We need a whole of society approach to defending democracy. There’s already a whole of society approach to destroying it. Every sector is under threat by authoritarians. We must work together. 



And of course, that means you too. Here are 10 democracy defending practices that you can do today to help to defend our democracy.

  1. Build trust between different sectors of society and different factions. Democracy thrives with bridge-building; it erodes with distrust and cynicism.
  2. Use whatever power you have, in whatever spheres of influence you are in, to ask one question, “are we doing enough to defend democracy?”
  3. Spread good information, online and off. Support those who are generating and distributing good information (researchers, teachers, media, librarians). Consider establishing a little free library.
  4. Support institutions, especially communal ones like parks, libraries, food banks and schools. Support places where people connect.
  5. Call people in, not out. We tend to shame those with whom we disagree, but authoritarians thrive with alienation. Shaming and shunning will drive people toward authoritarians. Call them in, befriend them. Build bridges. Bridges strengthen democracy.
  6. Give money, time and attention to pro-democracy politicians, organizations, institutions and movements. Look for groups already working to support democracy.
  7. Democracy is everybody. Everybody. Check your skepticism of people not like you. Work on that. We need all of us.
  8. Go out in public as a democracy defender. Talk about democracy with people. Show up to events, hearings, etc., as a democrat. Join a march. Make being pro-democracy a thing people know about you and associate with you.
  9. Communicate as a democrat. That means using persuasion, not compliance-gaining strategies. That means being open to new information, perspectives, values. It means being inclusive, not exclusive. Democracy is a way of life – a way of thinking and communicating.
  10. Finally, do not be cynical. Do not defeat democracy with your cynicism. Block or mute cynical people/accounts. Cynicism is not useful for a pro-democracy movement. Hope is necessary. 
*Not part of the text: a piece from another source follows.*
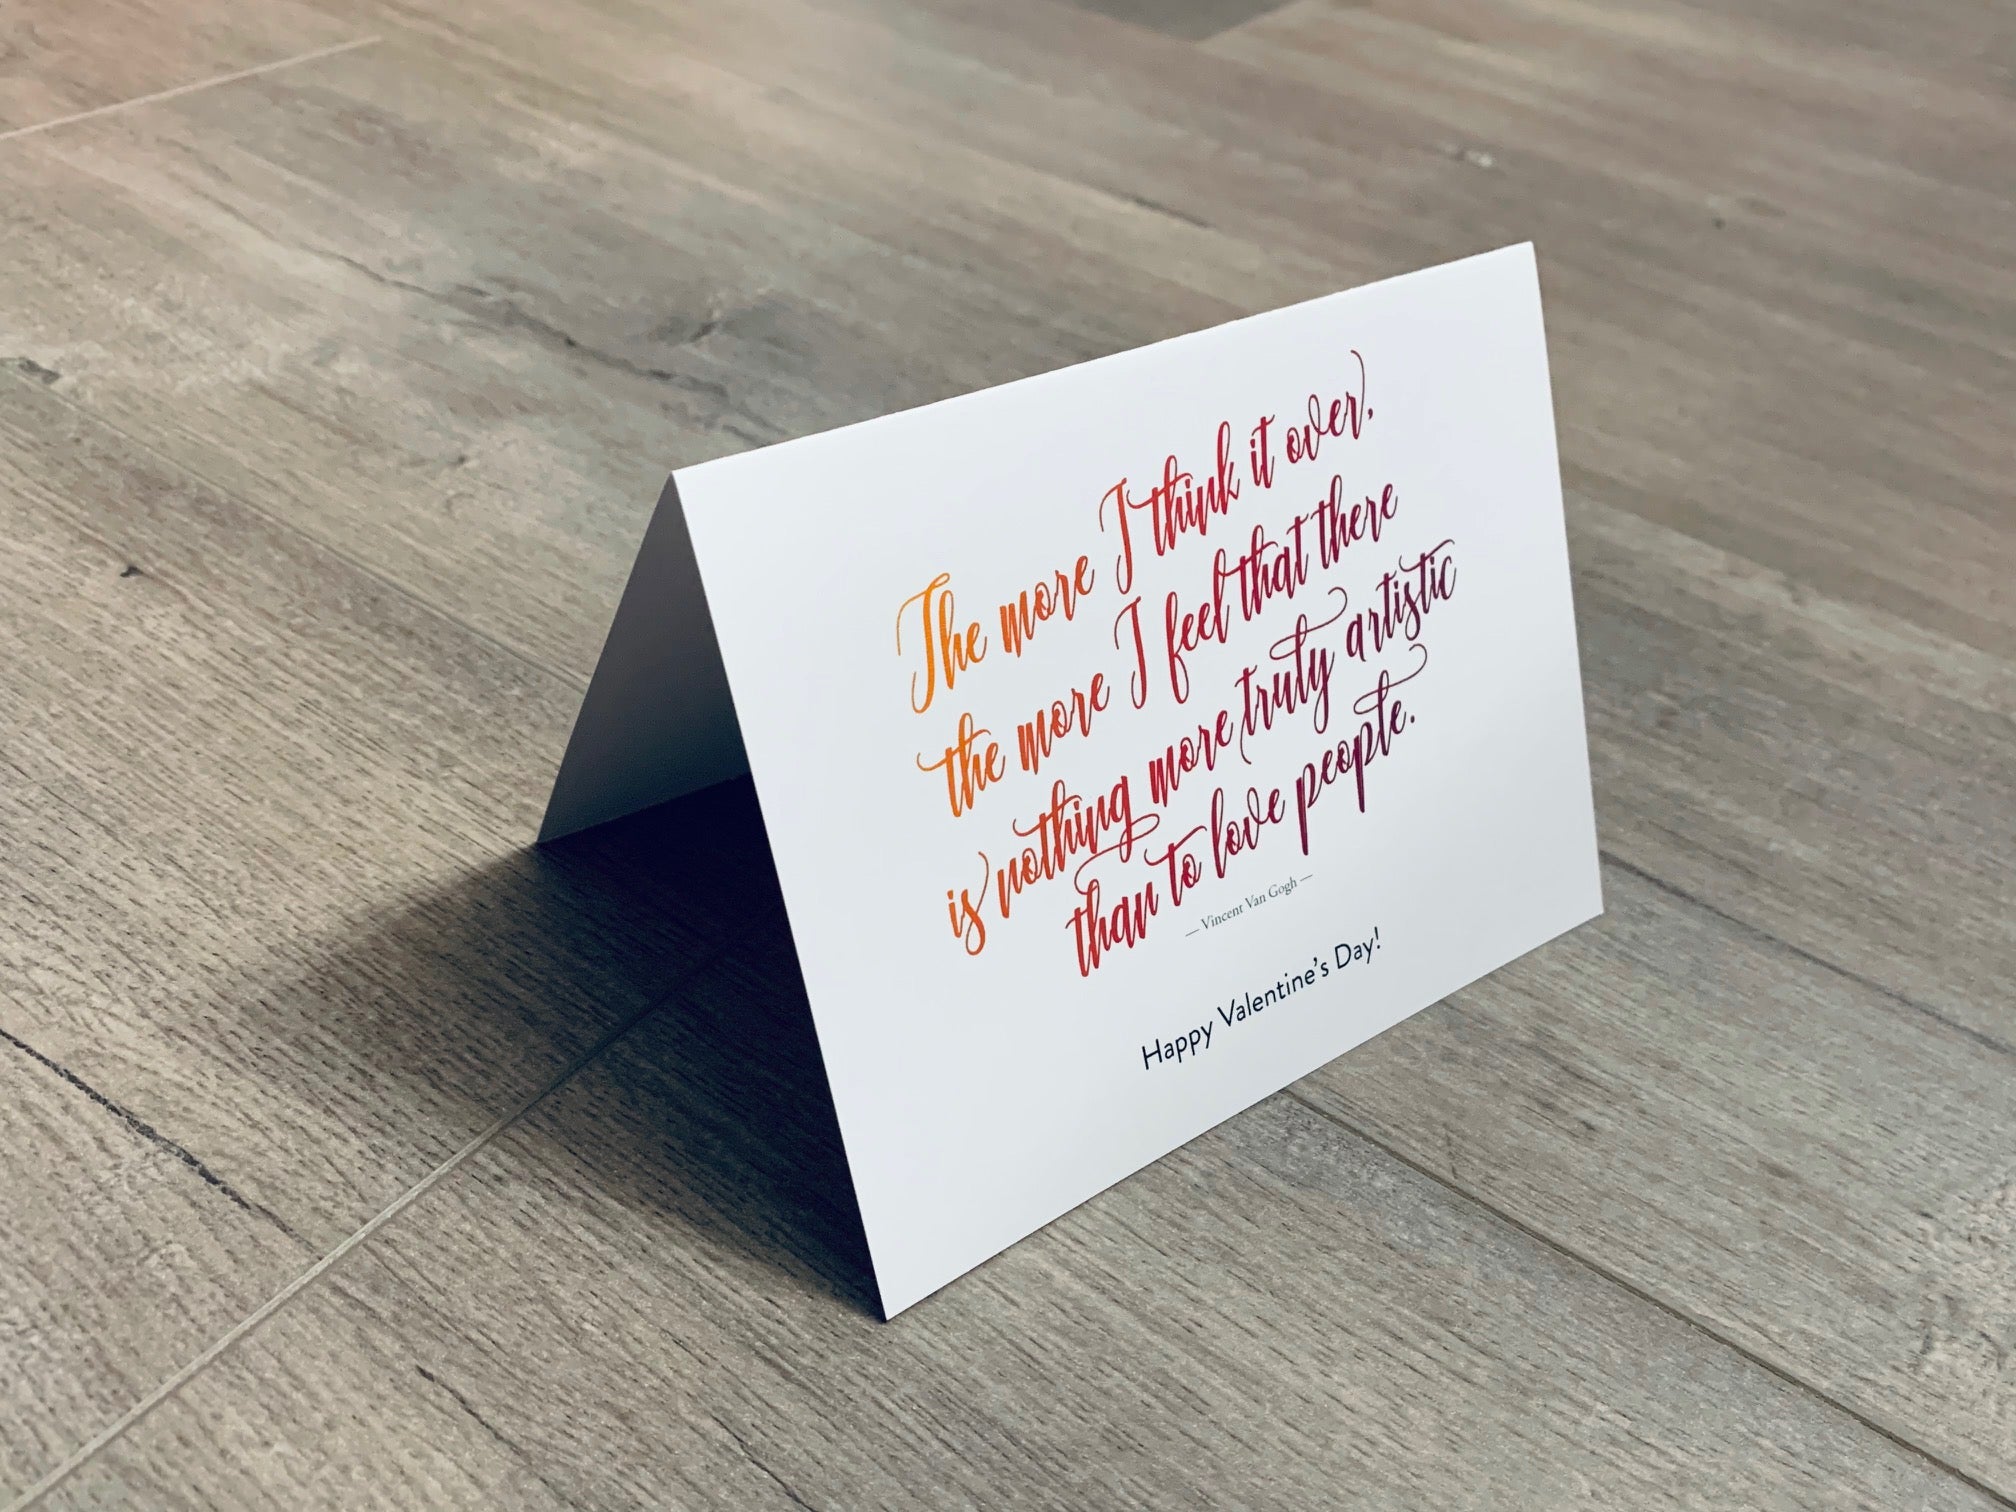 A folded white notecard is folded and propped up on a gray wooden background. The card says, "The more I think it over, the more I feel that there is nothing more truly artistic than to love people. Happy Valentine's Day!" Historic Love collection by Stationare.

Democracy isn’t just defended with tanks. Democracy is a way of life as well as a method of politics. The authoritarian plan is to sow division, to exploit distrust, polarization and frustration. 

Authoritarians love cynicism. We have to normalize democratic hope. 

The political project of our time is to defend democracy.


Jennifer Mercieca is a historian of American political rhetoric at Texas A&M University and the author of Demagogue for President The Rhetorical Genius of Donald Trump.

1 Comment

  1. Bern on March 2, 2022 at 8:16 am

    What do you have to say to those who are, for perfectly rational reasons, attempting to get as far away from the deadly-toxic people who actively spread mental and physical illness via their cruel nonsense? To act inclusively around them is to embrace suicide. I have spent time among them just to witness, so I have some experience in this.

    If the last couple centuries have showed us nothing else, they’ve driven home the point that some people are not ready to be included in a healthy functioning democracy.